(Beginning of Supplied material)

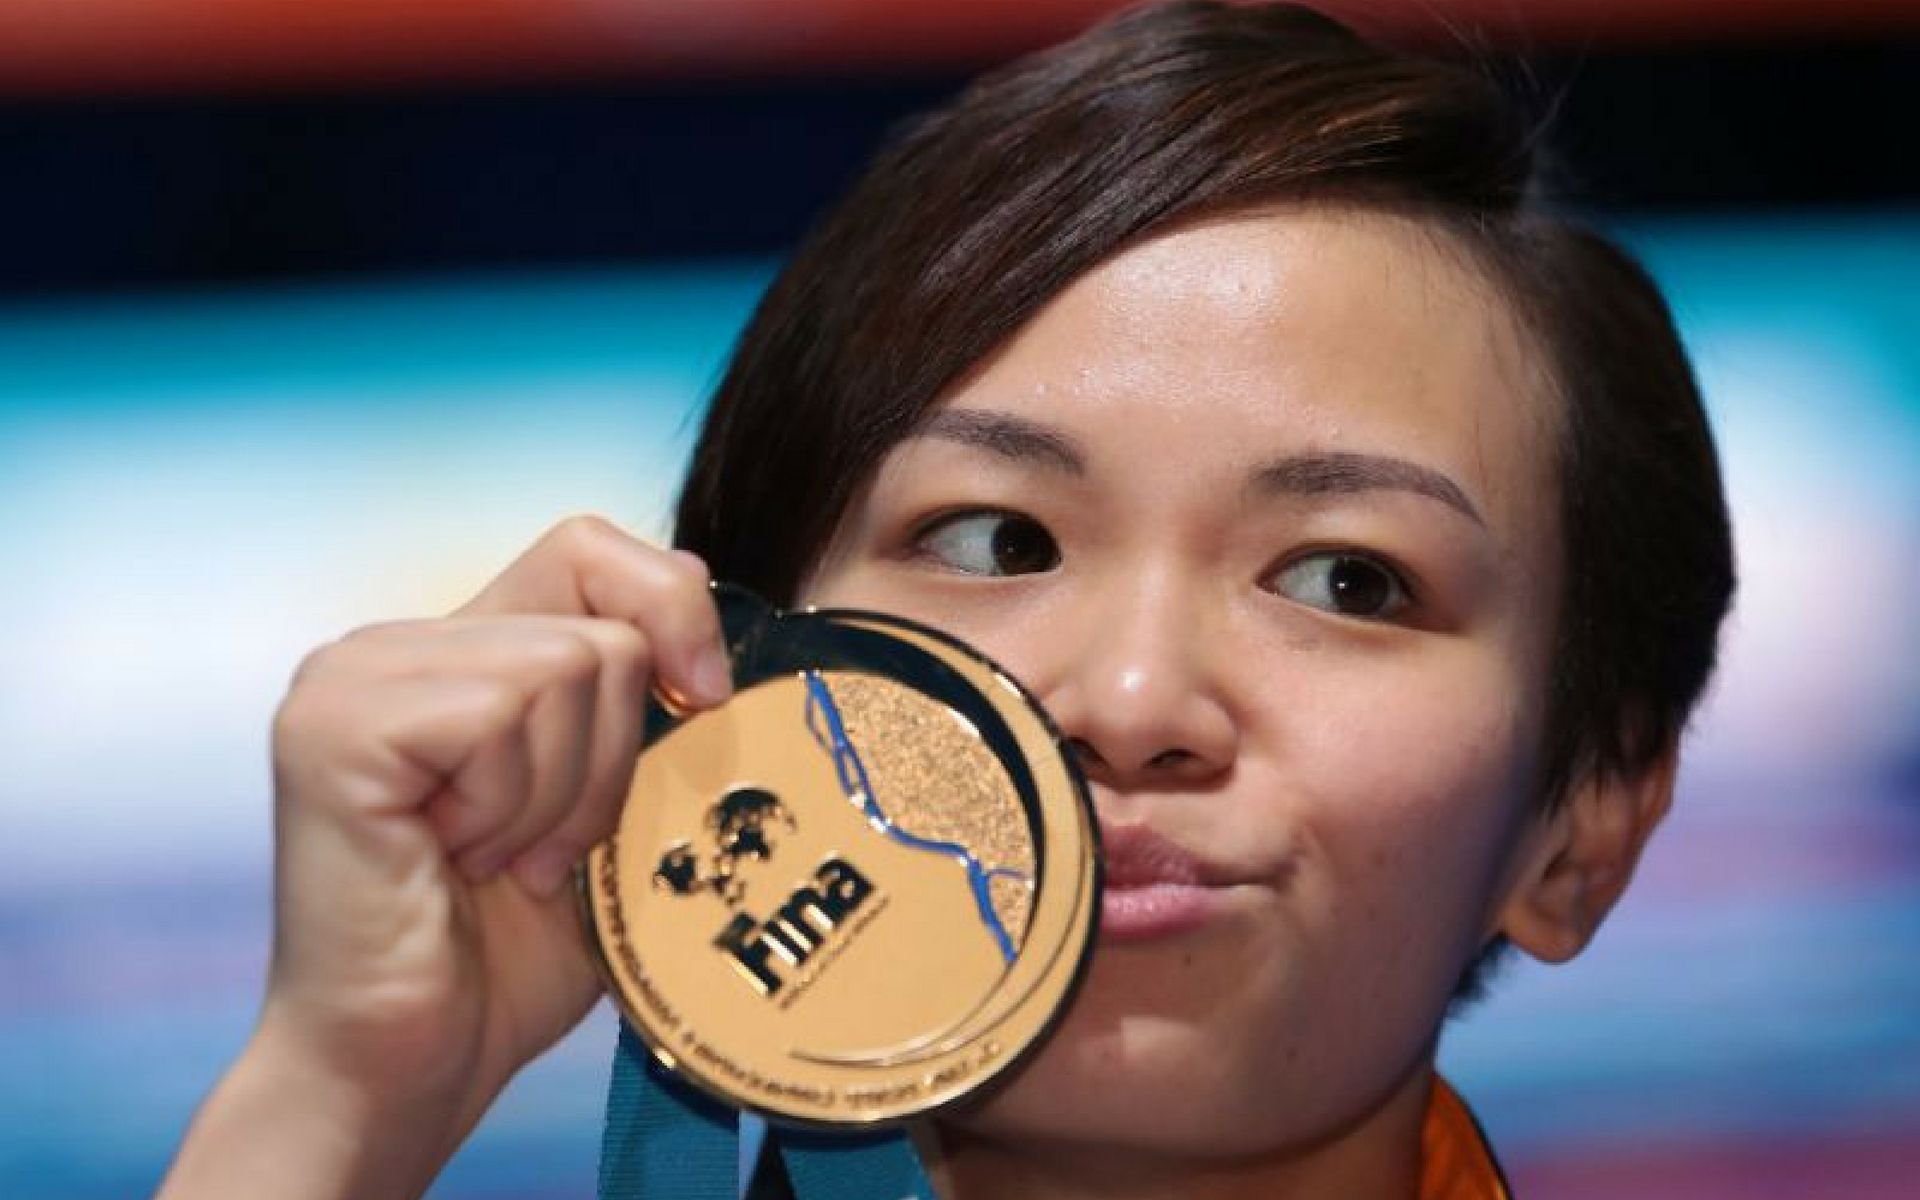 Jun hoong and her world champion medal
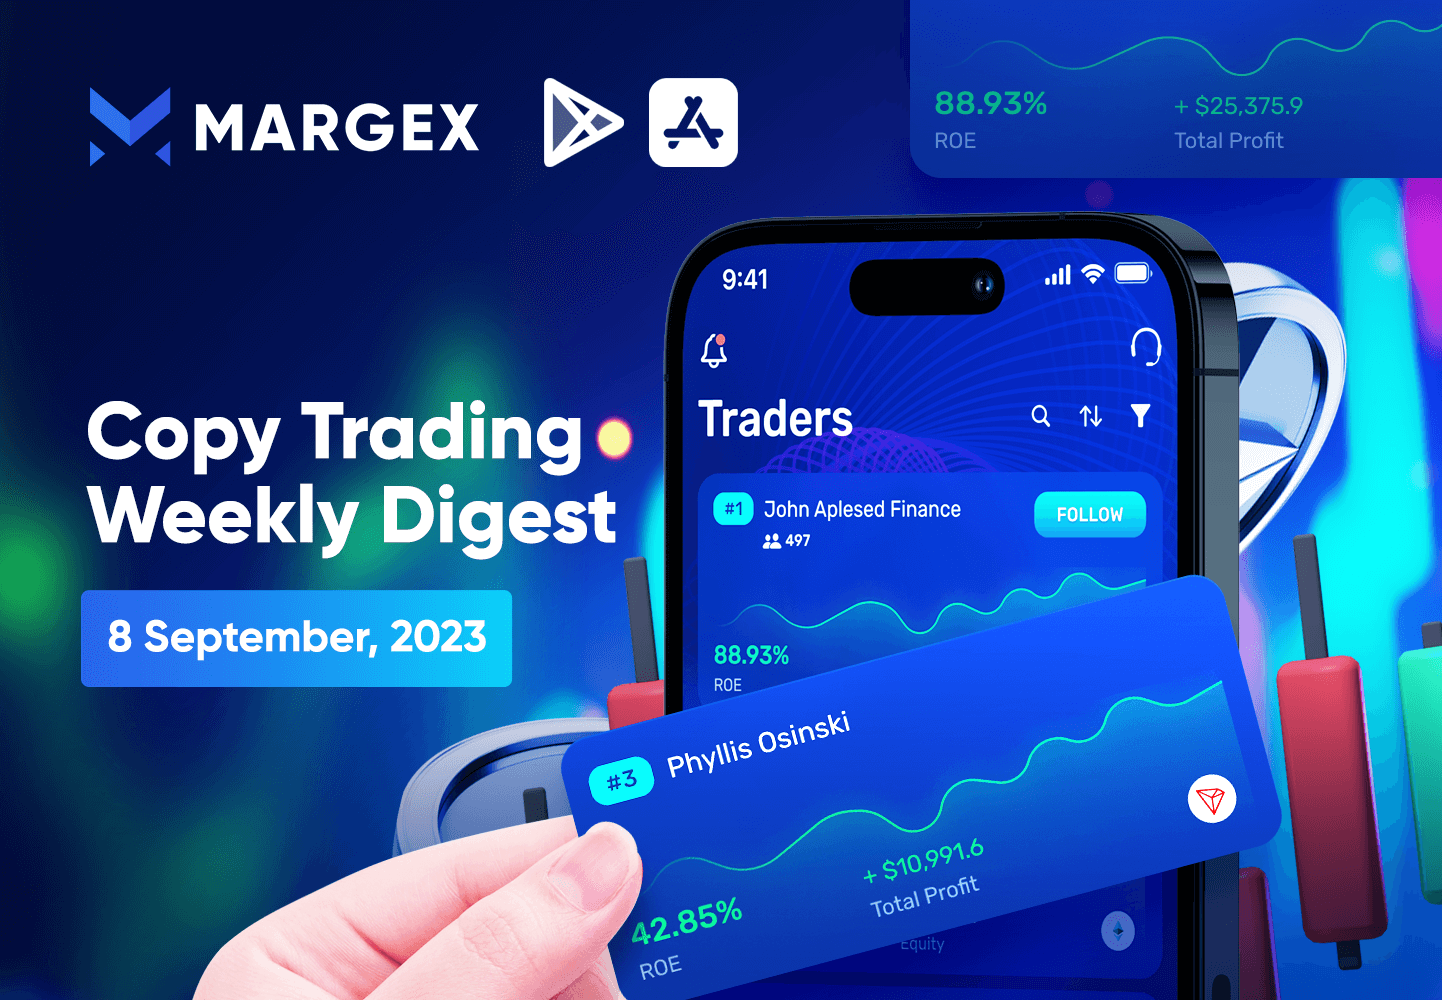 Copy Trading Weekly Digest September 8, 2023
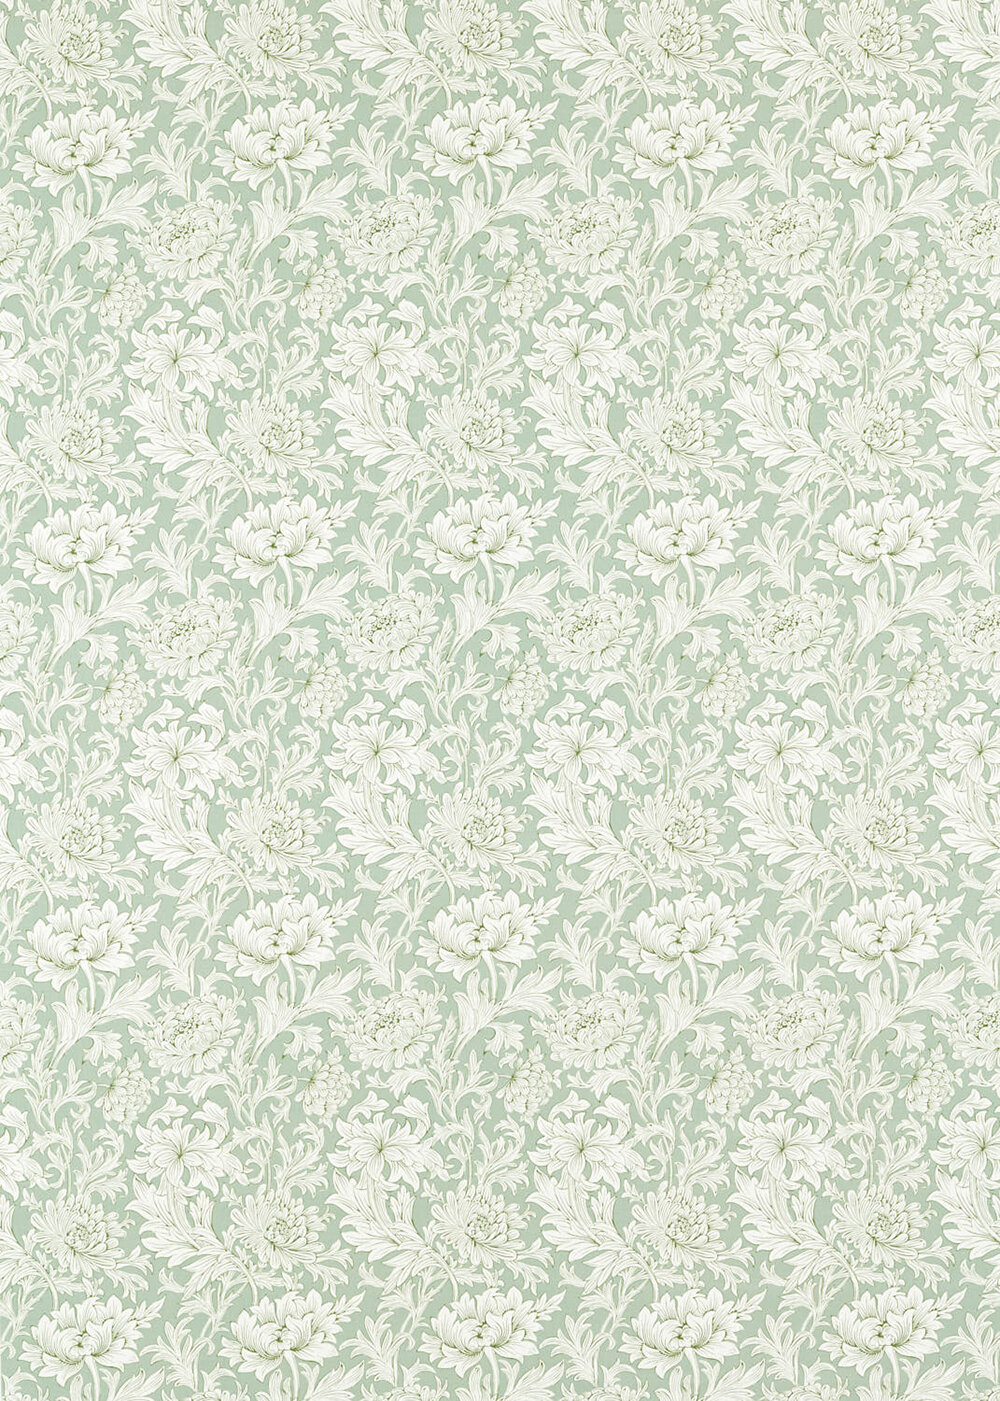 Chrysanthemum Toile Fabric - Willow - by Morris
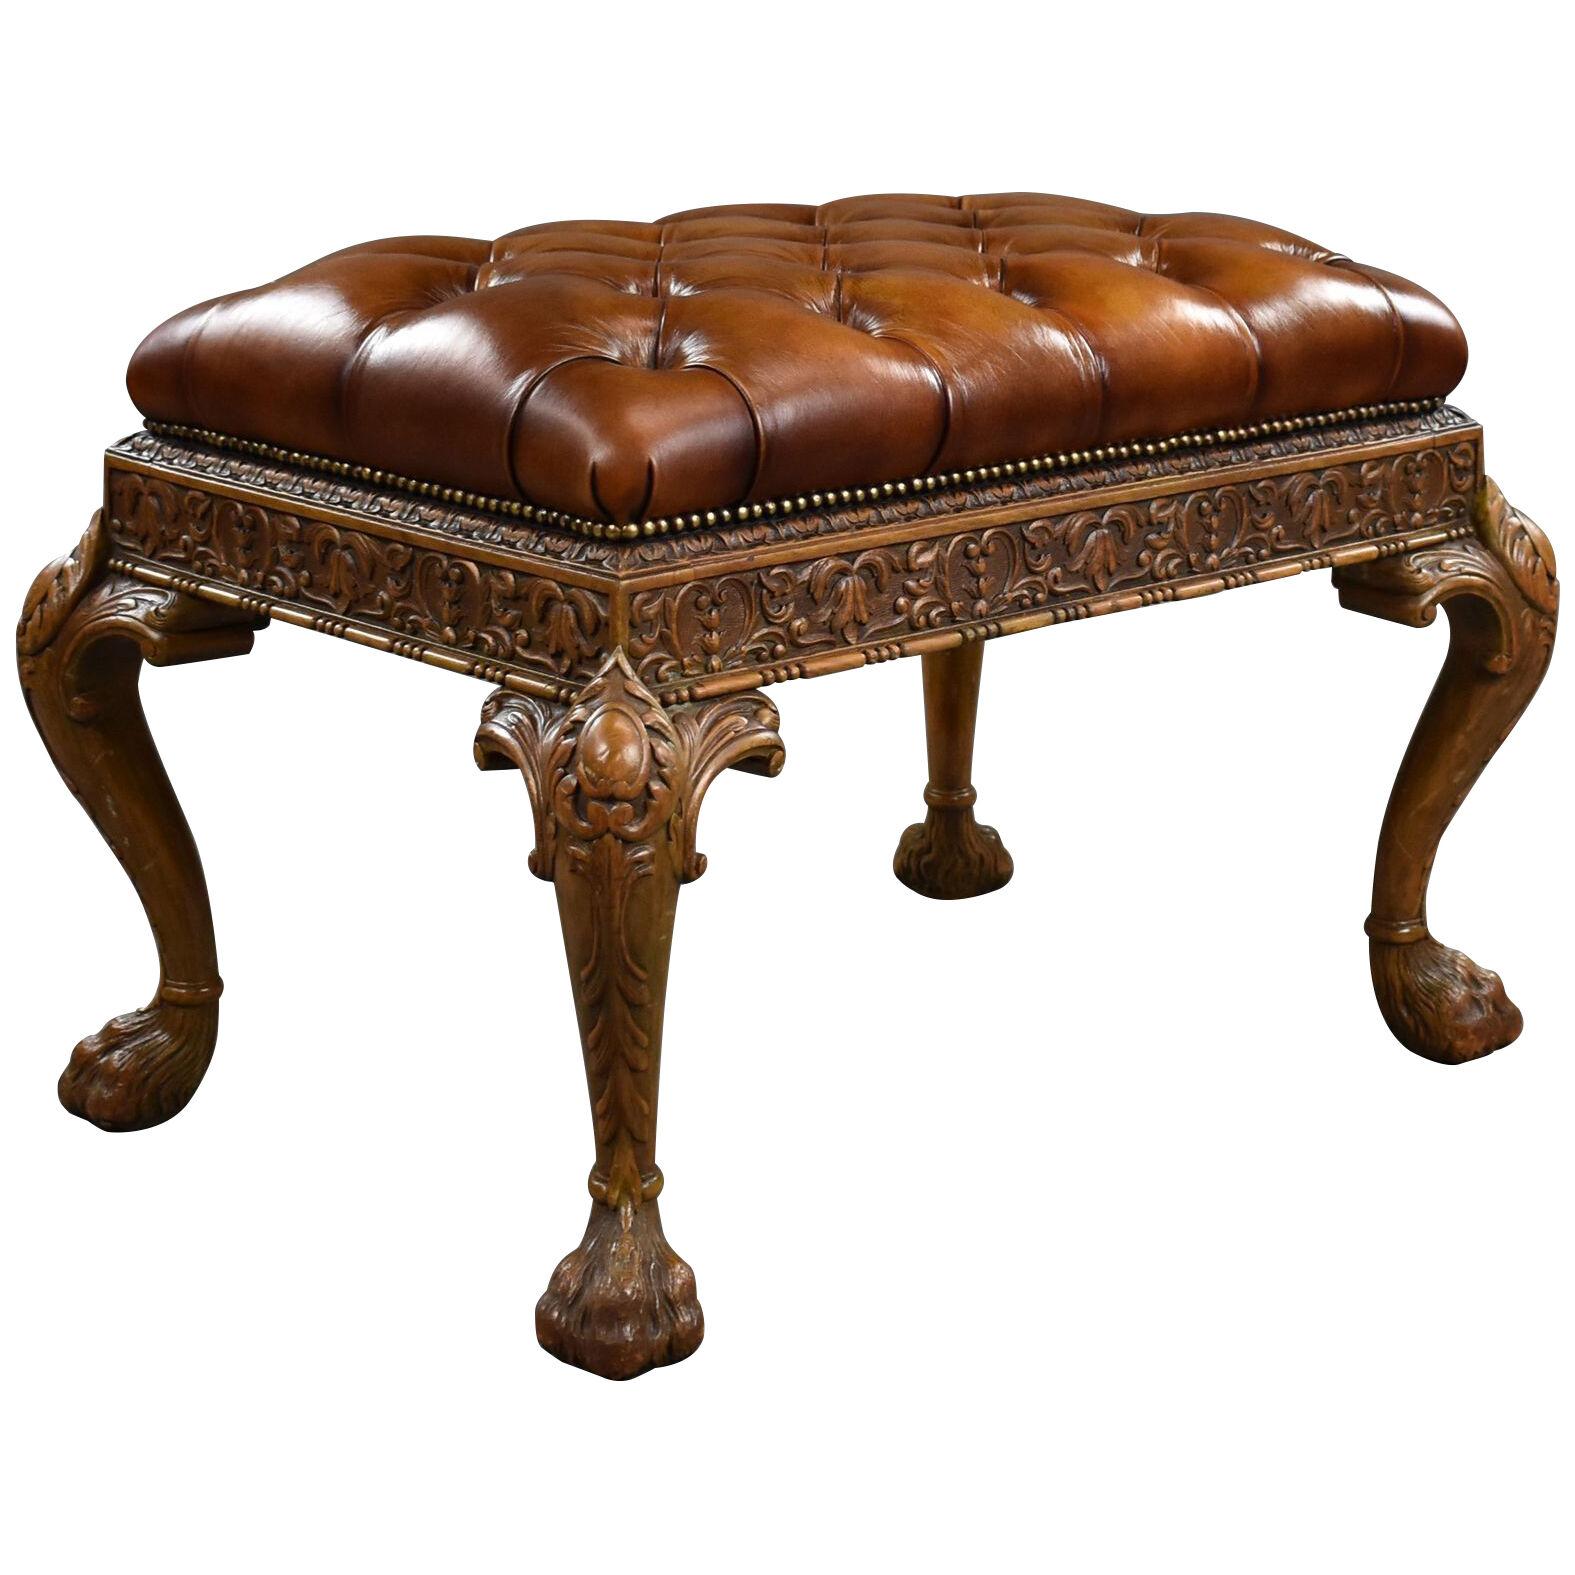 Antique Carved Walnut and Leather Foot Stool by Maple & Co
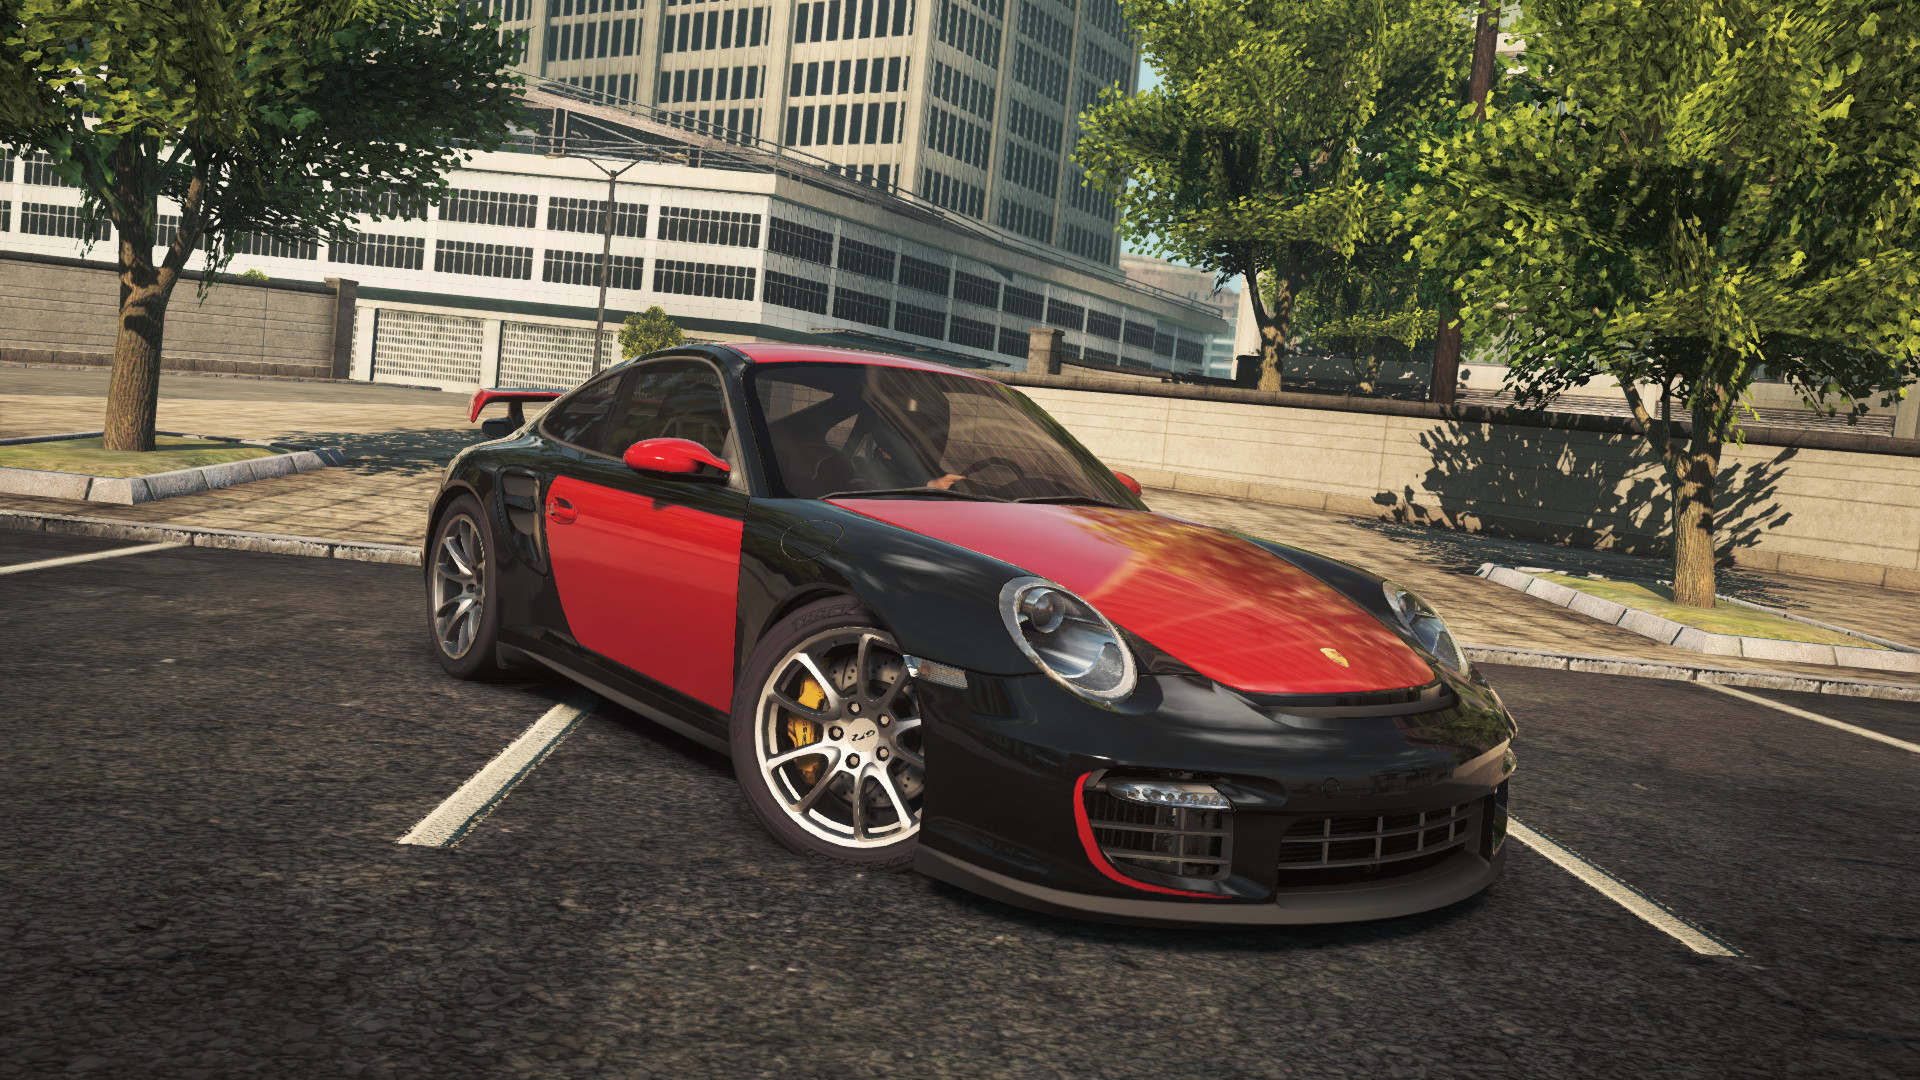 Need For Speed Most Wanted 2012 NFSMW12 - Rose's 911 GT2 Improved Livery

(End of Supplied material)

**Task brief:** Return the listing above unchanged, apart from dropping its pictures.

**Response below:**
 Jun hoong and her world champion medal
 Copy Trading Weekly Digest September 8, 2023
 Chrysanthemum Toile Fabric - Willow - by Morris
 Antique Carved Walnut and Leather Foot Stool by Maple & Co
 Need For Speed Most Wanted 2012 NFSMW12 - Rose's 911 GT2 Improved Livery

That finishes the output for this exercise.